DATASET SECTION =>
______________________________
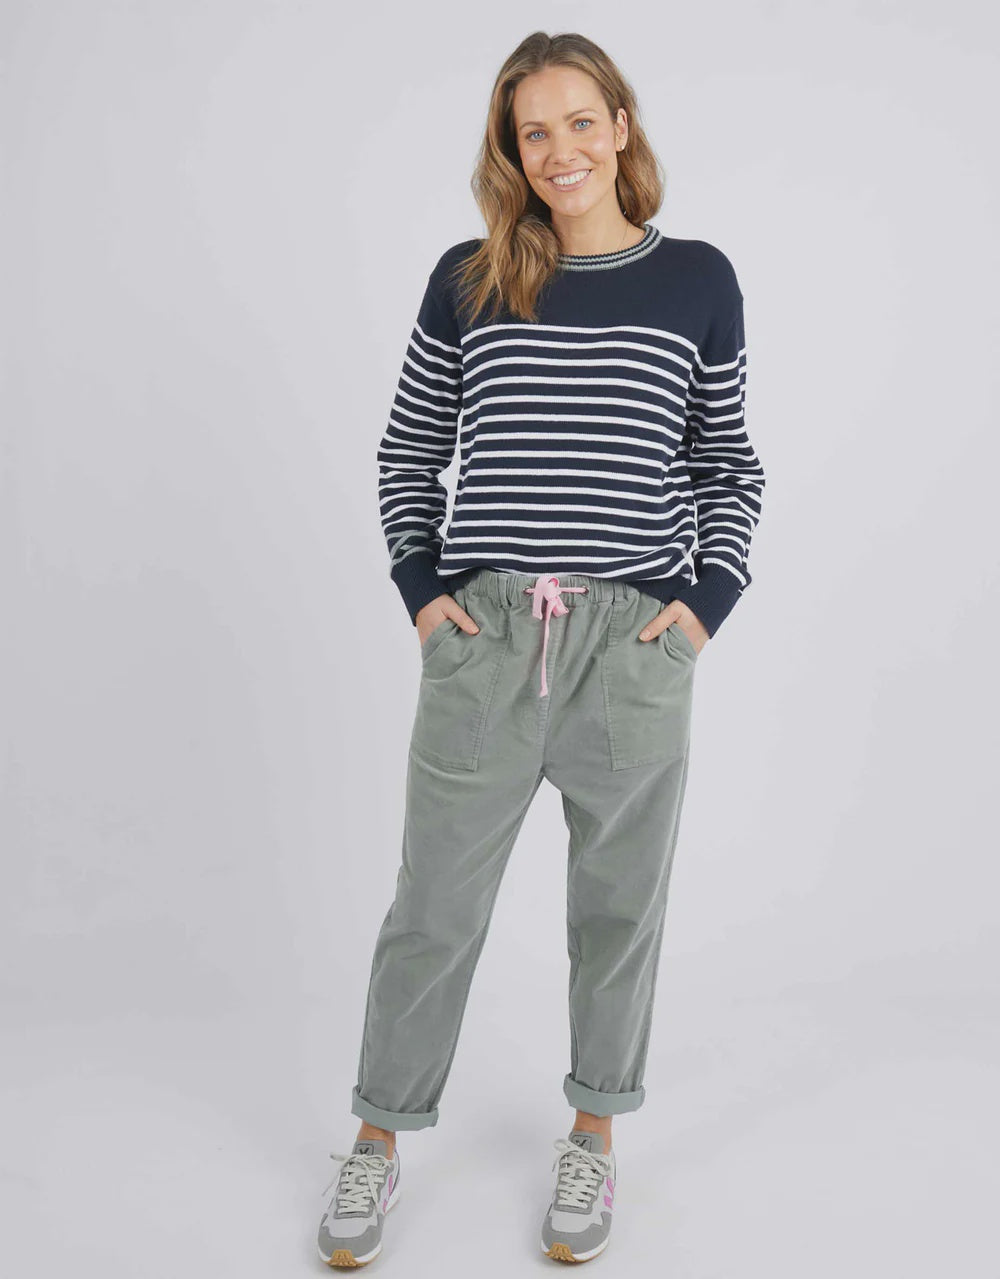 Portia stripe knit - navy/white
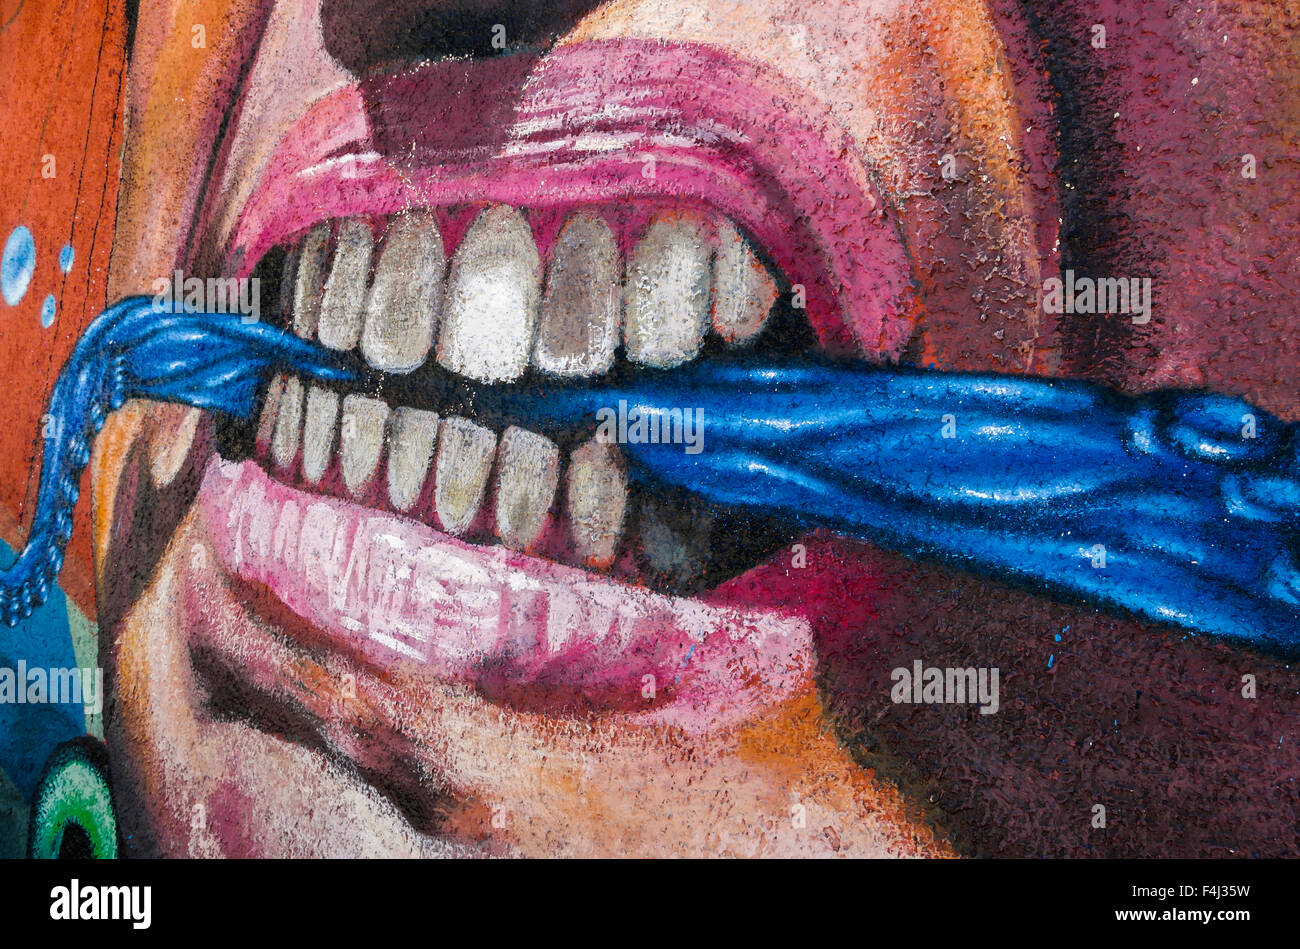 Valparaíso, Chile - Octubre 29, 2014: el colorido graffiti detalle de una agresiva cara con pañuelo entre los dientes en Valparaíso Foto de stock
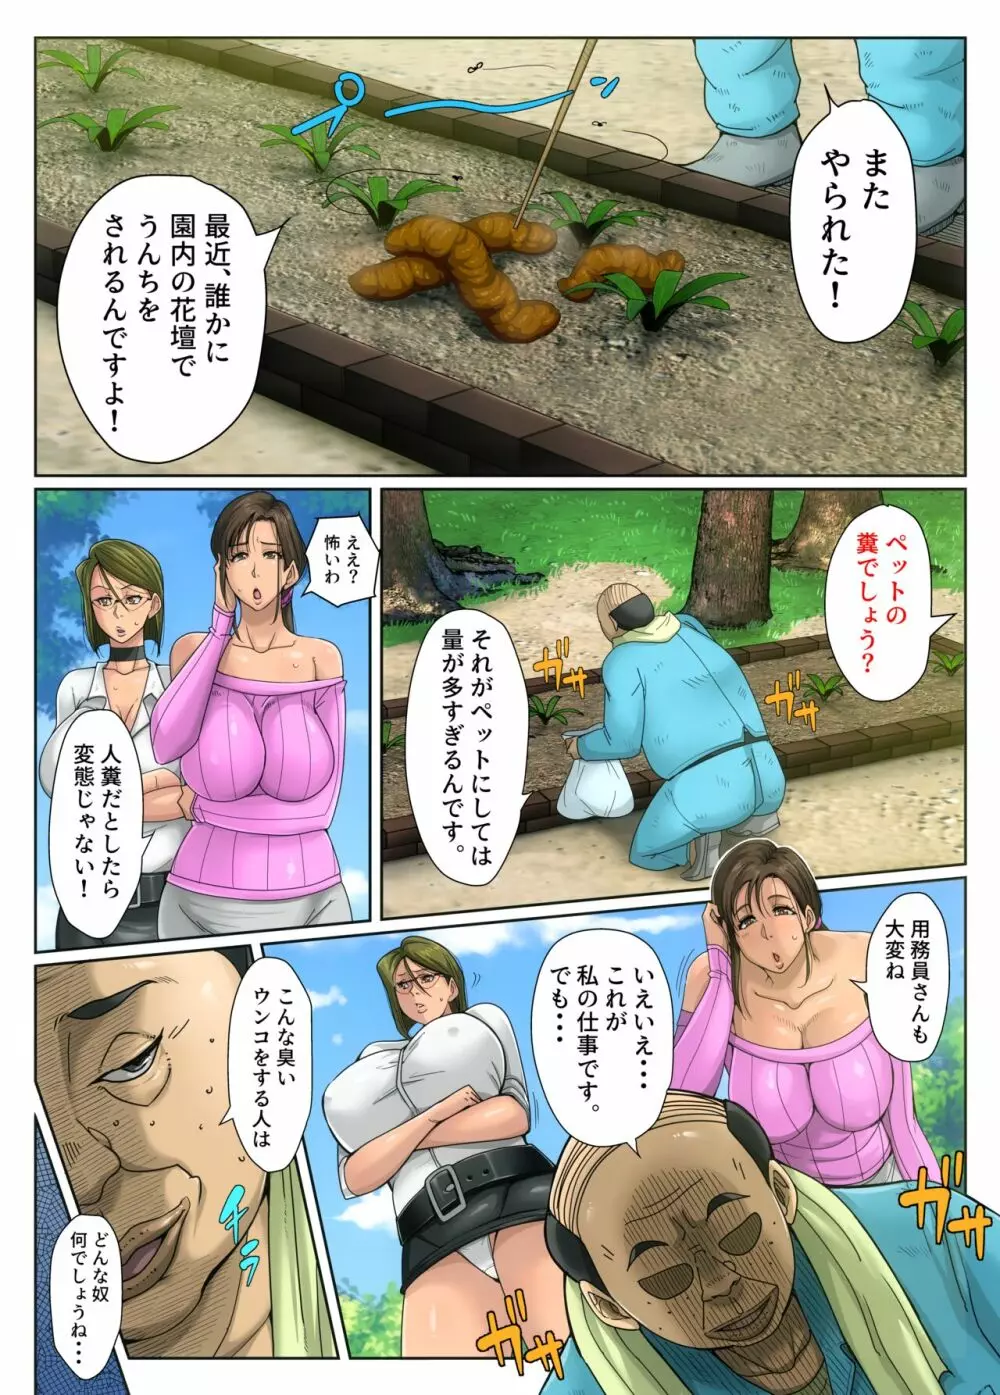 ゲスママ不貞日記1 栗山リサ編 - page4
______________________________
PROBLEM TO SOLVE => Transcribe exactly the lines above, running from the one that contains "Valparaíso, Chile - Octubre" through the final line of the listing, and skip every picture.

RESULT FOR THIS TASK =>
 Valparaíso, Chile - Octubre 29, 2014: el colorido graffiti detalle de una agresiva cara con pañuelo entre los dientes en Valparaíso Foto de stock
 ゲスママ不貞日記1 栗山リサ編 - page4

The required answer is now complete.